Let’s take soccer as an example.

Repeated sprint ability (RSA) is one of the most important physical qualities in football. Athletes need to accelerate, recover, and go again—over and over.

Repeat sprint ability in soccer

You don’t just need a strong first sprint—you need to hold your performance over time. And that’s where energy systems come in.

Research shows that aerobic fitness significantly predicts RSA performance. One study found a correlation of R² = 0.89 between OBLA (onset of blood lactate accumulation or Threshold 2) and RSA. That’s a huge effect.

Fast sprinting and high threshold for RSA performance

Here’s why it matters: after a sprint, your muscles rely on oxidative metabolism to clear lactate, resynthesize phosphocreatine, and restore pH balance. If your aerobic system is weak, you recover slower. That means your next sprint is worse—and so is the one after that.

This directly connects aerobic capacity to repeated power output.

Even better: we now know that fast-twitch muscle fibers have mitochondria too. They’re not just raw, explosive units. They contain oxidative machinery specifically tuned for high power output.

Fast and slow twitch mitochondria work together

Fast-twitch mitochondria may not be the most efficient, but they’re optimized for rapid ATP production—exactly what you want during heavy sprint-based efforts. So aerobic training doesn’t kill power. It builds the foundation for repeating it.

Your energy systems aren’t fighting each other—they’re cooperating.

Myth #3: Training Must Always Look Like Your Sport

This is the “train like you play” fallacy. It sounds logical on the surface—why not just mimic the demands of your sport in training?

Don't train your energy systems separately

But trying to replicate sport intensity and movements all year long leads to one thing: stagnation. You never address weaknesses or build the systems that support peak output.

Instead, the goal should be to train all energy systems, throughout all intensities, at different points in the season. That’s how you build a complete athlete.

Training needs to address:

  • Low-intensity aerobic base (capillary density, fat oxidation)
  • Mid-intensity threshold work (lactate buffering, oxidative capacity)
  • High-intensity glycolytic power (glycogen usage, improved VO2max)
  • Very high-intensity explosive work (neuromuscular output)
How to train for better endurance

If all you ever do is simulate sport-specific movement, you neglect parts of the energy systems spectrum that allow you to go harder, longer, or recover faster.

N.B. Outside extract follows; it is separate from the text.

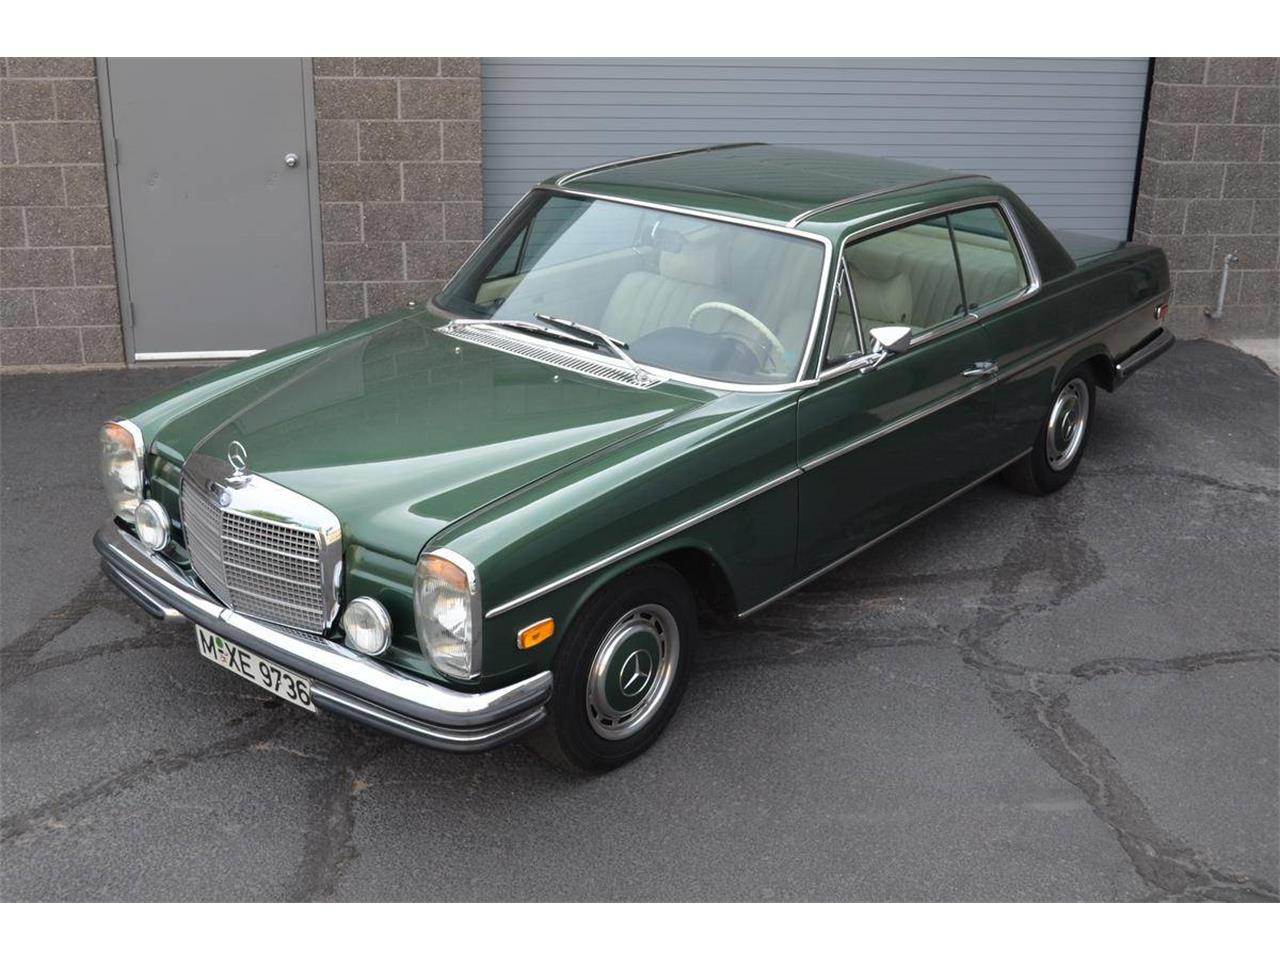 For Sale: 1969 Mercedes-Benz 250CE in Phoenix, Arizona

So What Should You Actually Do?

Let’s keep it simple. Here’s how to build your energy systems with purpose:

  1. Train all endurance qualities year-round. Don’t neglect any zone—each one supports a different function.
  2. Focus on general capacity away from competition. Use this phase to build your aerobic base and tissue tolerance.
  3. Target specific energy systems as competition nears. Fine-tune the qualities you need on game day.
  4. Do the training you haven’t done. Novel stimuli drive adaptation.

This is not about random variety—it’s structured diversity across the energy spectrum.

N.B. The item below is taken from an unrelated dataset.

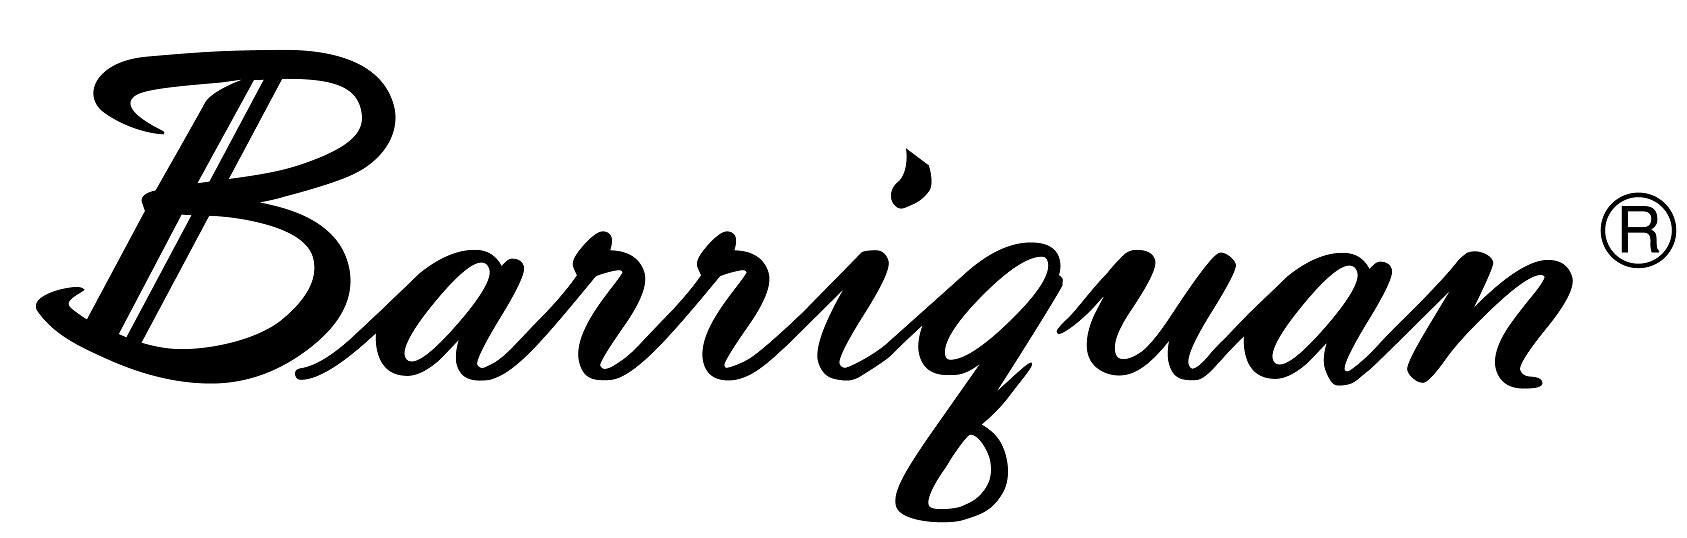 Sugino Barriquan Logo

Final Thoughts: Integrate, Don’t Isolate, Your Energy Systems

The biggest takeaway? Energy systems don’t operate in silos. They work together, respond together, and adapt together.

Every athlete—whether you sprint, jump, cut, or grind out long races—relies on the integrated function of these systems. And your training should reflect that.

Forget the myths. And instead of focusing on energy systems, think about intensity domains (or “levels”).

Because once you understand how to train those, you unlock the next level of your performance.